For now, this is the only workbench I have. I have one lower cabinet left which I'll build a top for, but it will only be a small surface for my drill press. Once I get my all my tools positioned where I want them, I'll see how much room I have left over for another work bench. I'll likely need something for assembling my woodworking projects, so it will likely be a butcher block surface.

Anyways, here's the pictures of my workbench. I ended up using 3/4" ply with 1/4" tempered hardboard on top. The edges of the bench were notched proud, so that the ply and hardboard sat inside. The ply is screwed down, while the hardboard is stuck down with double sided carpet tape in case I ever want to replace the surface.

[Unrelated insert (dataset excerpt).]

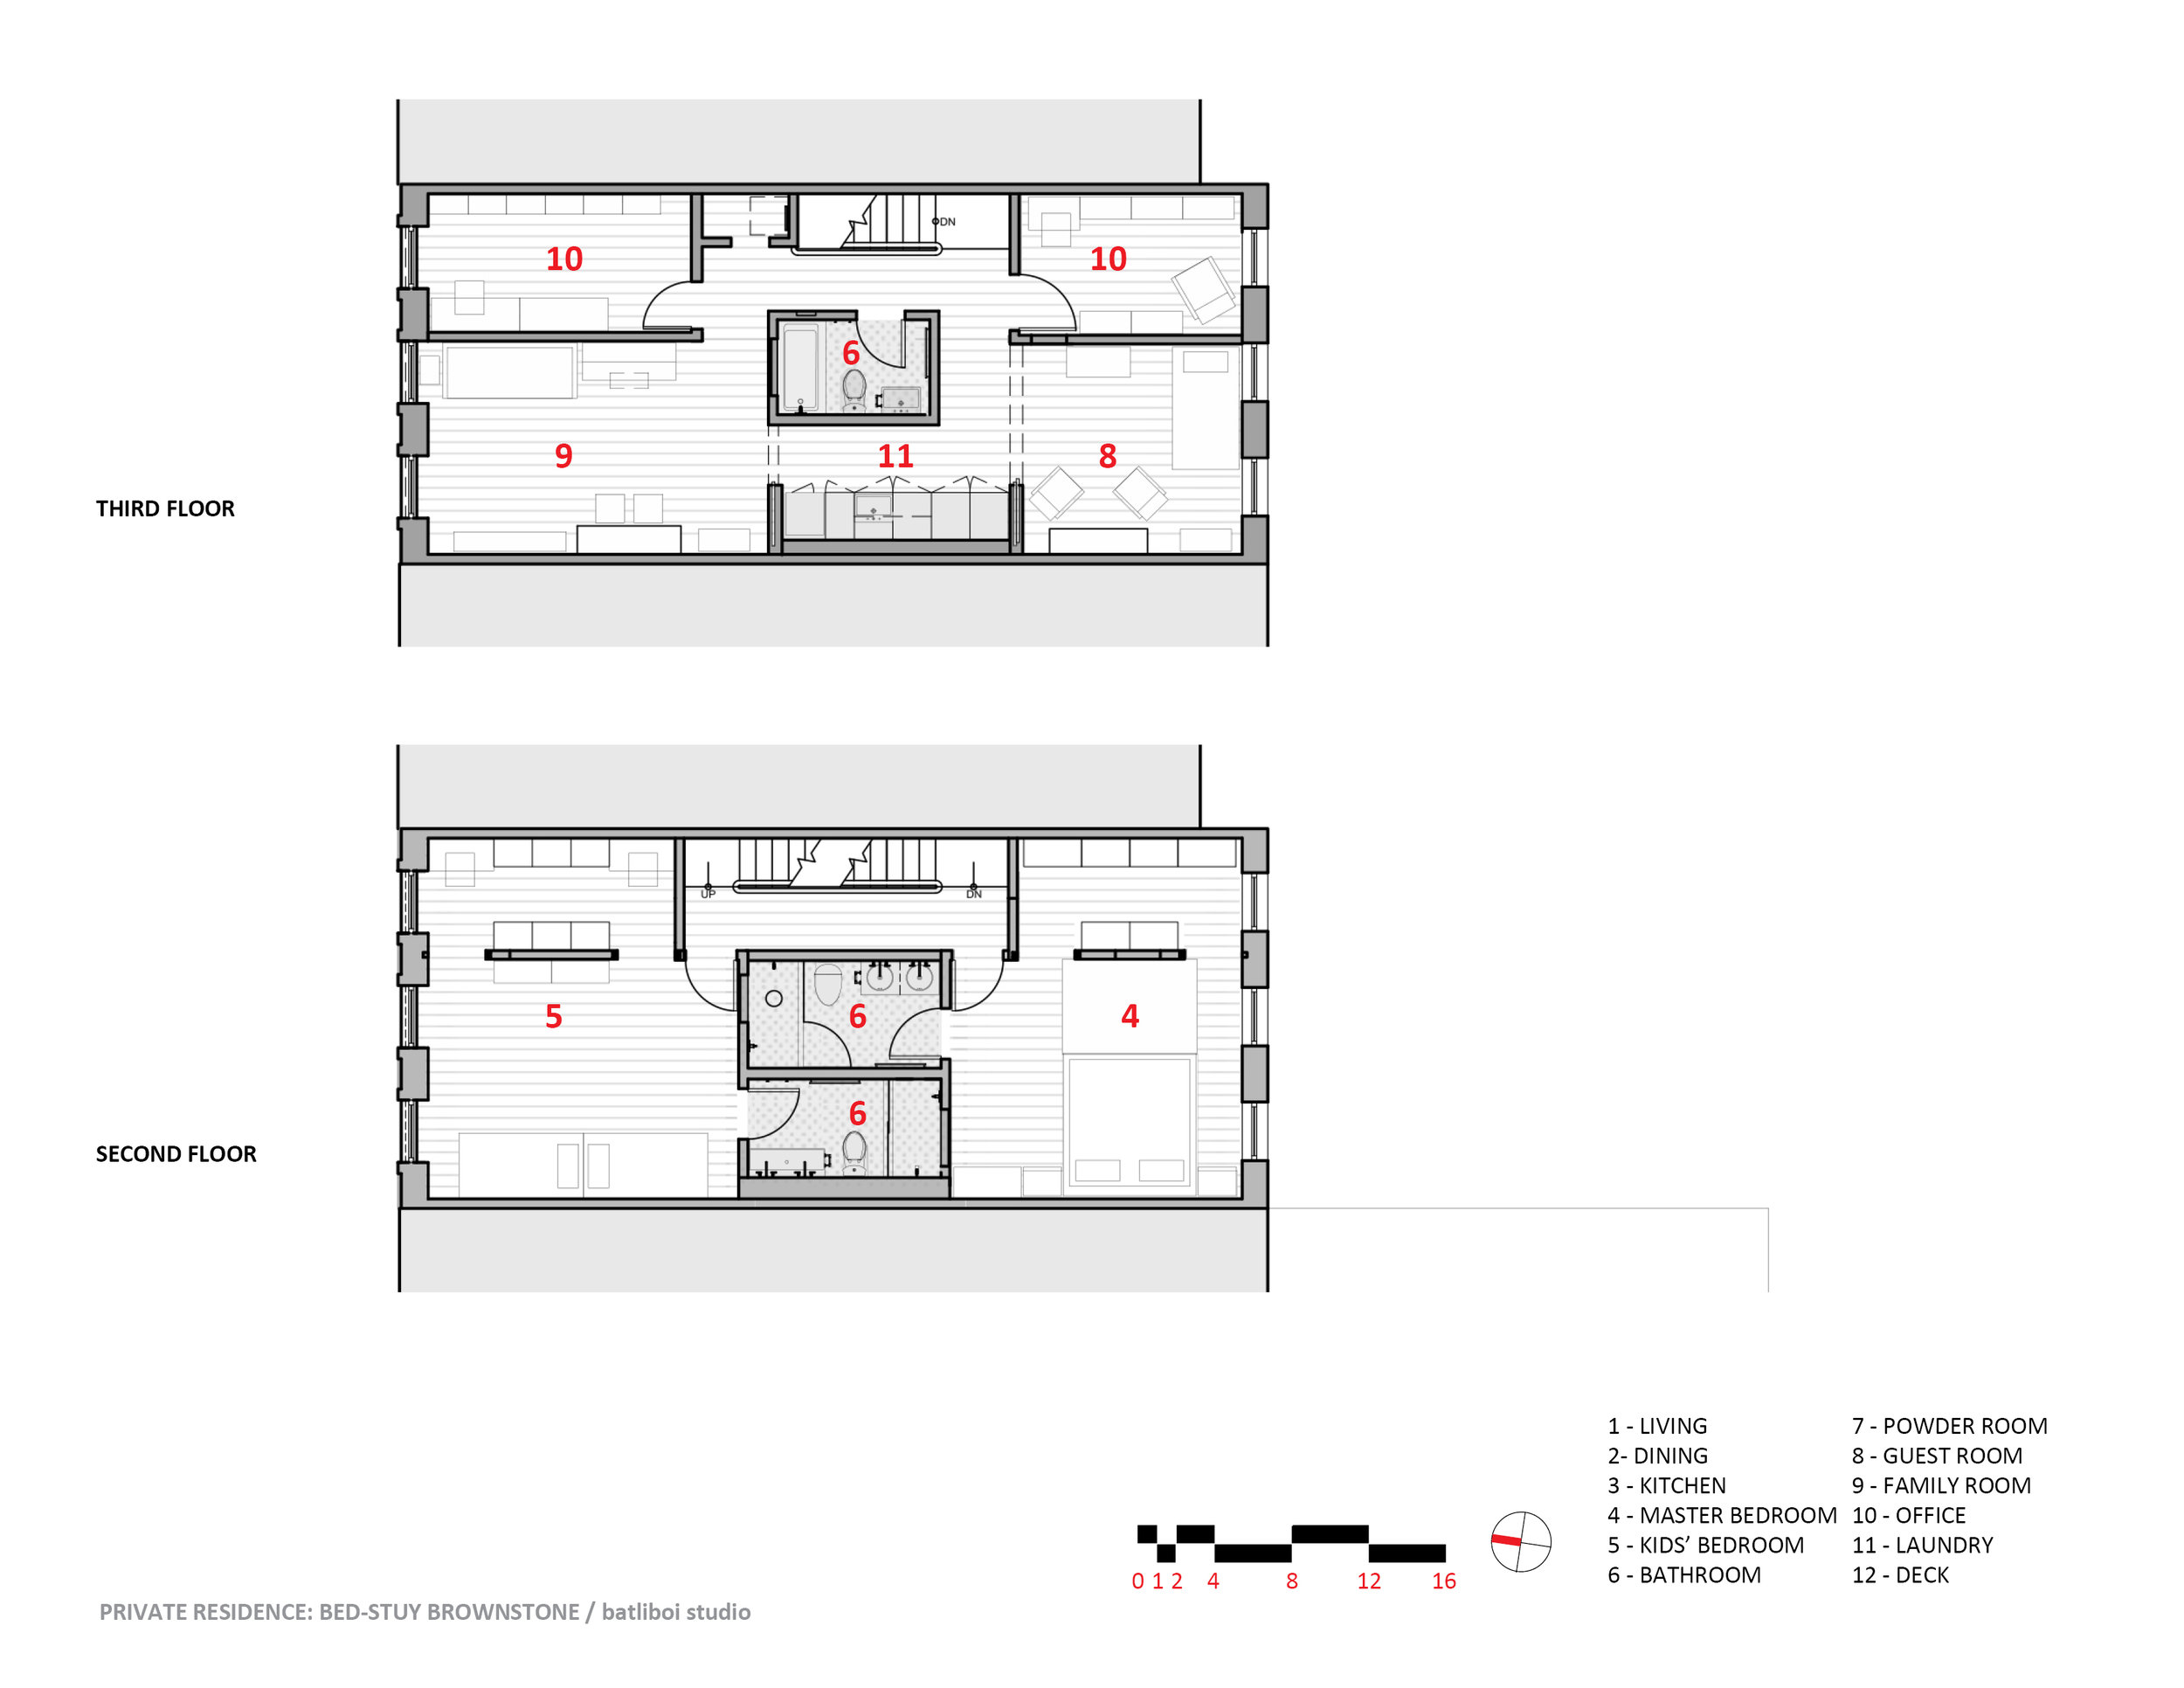 Bed-Stuy townhouse - plans 6.jpg

If I were to do it again, I wouldn't do it this way. It was a pain getting all the various pieces notched perfectly so that the hardboard surface wasn't too low or too high.

I haven't put legs on it yet. As someone posted earlier the cabinets are pretty strong in themselves and I don't think I'll need to add the 2x4 legs at the front of the cabinets. I will be an easy fix if I find I need them though.

I still may have to put toe kick boards in place and possibly add supports under the lower cabinets if I'm going to be storing lots of heavy items. I was planning on doing a 2x4 boarder along the back side of the bench against the wall, but I'm debating that one right now.

The lower that only has bottom doors and no drawers will be for a possible future sink, but I'll have to re-think the surface to prevent water damage.

Here are some pics of how it looks:


----------



## Jackofall1 (Dec 5, 2010)

Would that be a 1970 911S model?

Mark


----------



## Jack Olsen (Jan 26, 2010)

Thanks, DIYGuy2000.  Those benches look great. However much of a pain the border was, it looks cool. The colors of the cabinets and the bench look good, too. I doubt there's anything that those cabinet boxes can't support.

Usually, my place isn't that clean. But when it is, I get out the camera. I built all of the benches myself -- you can probably see that I'm more comfortable working with steel than wood. And the car.










Mark, it's a 1972 tub. But the car is kind of a mongrel. It's got a transaxle from a 1977, brakes from a 1986 Turbo model, an engine from a 1995 model and suspension pieces from a few more sources. It's flared like a Turbo for 9-1/2" and 11" wheels. It's street-driven, but I track it about eight times a year. Here it is last week:


----------



## Jackofall1 (Dec 5, 2010)

Very nice, I used to own a 70 T model that I restored to prestine original condition, except for the motor and tranny which was replaced with a "S" spec, the view from the front end surely reminded me of those days, with the view of yours from the side I see the extensive mongral work you have done looks great and you look like you have an awesome place to work on it to.

Mark


----------



## ddawg16 (Aug 15, 2011)

Don't let that pretty car fool you....with Jack behind the wheel....it's fast.

My neighbor down the street knows Jack....and has been on the same track with him....as Kip says "He is fast".

BTW Jack....if you see a nice little BMW 325i out there with a 16 year old girl behind the wheel....that is his daughter....just make sure you put on sun glasses and pin your tongue in your mouth.....


----------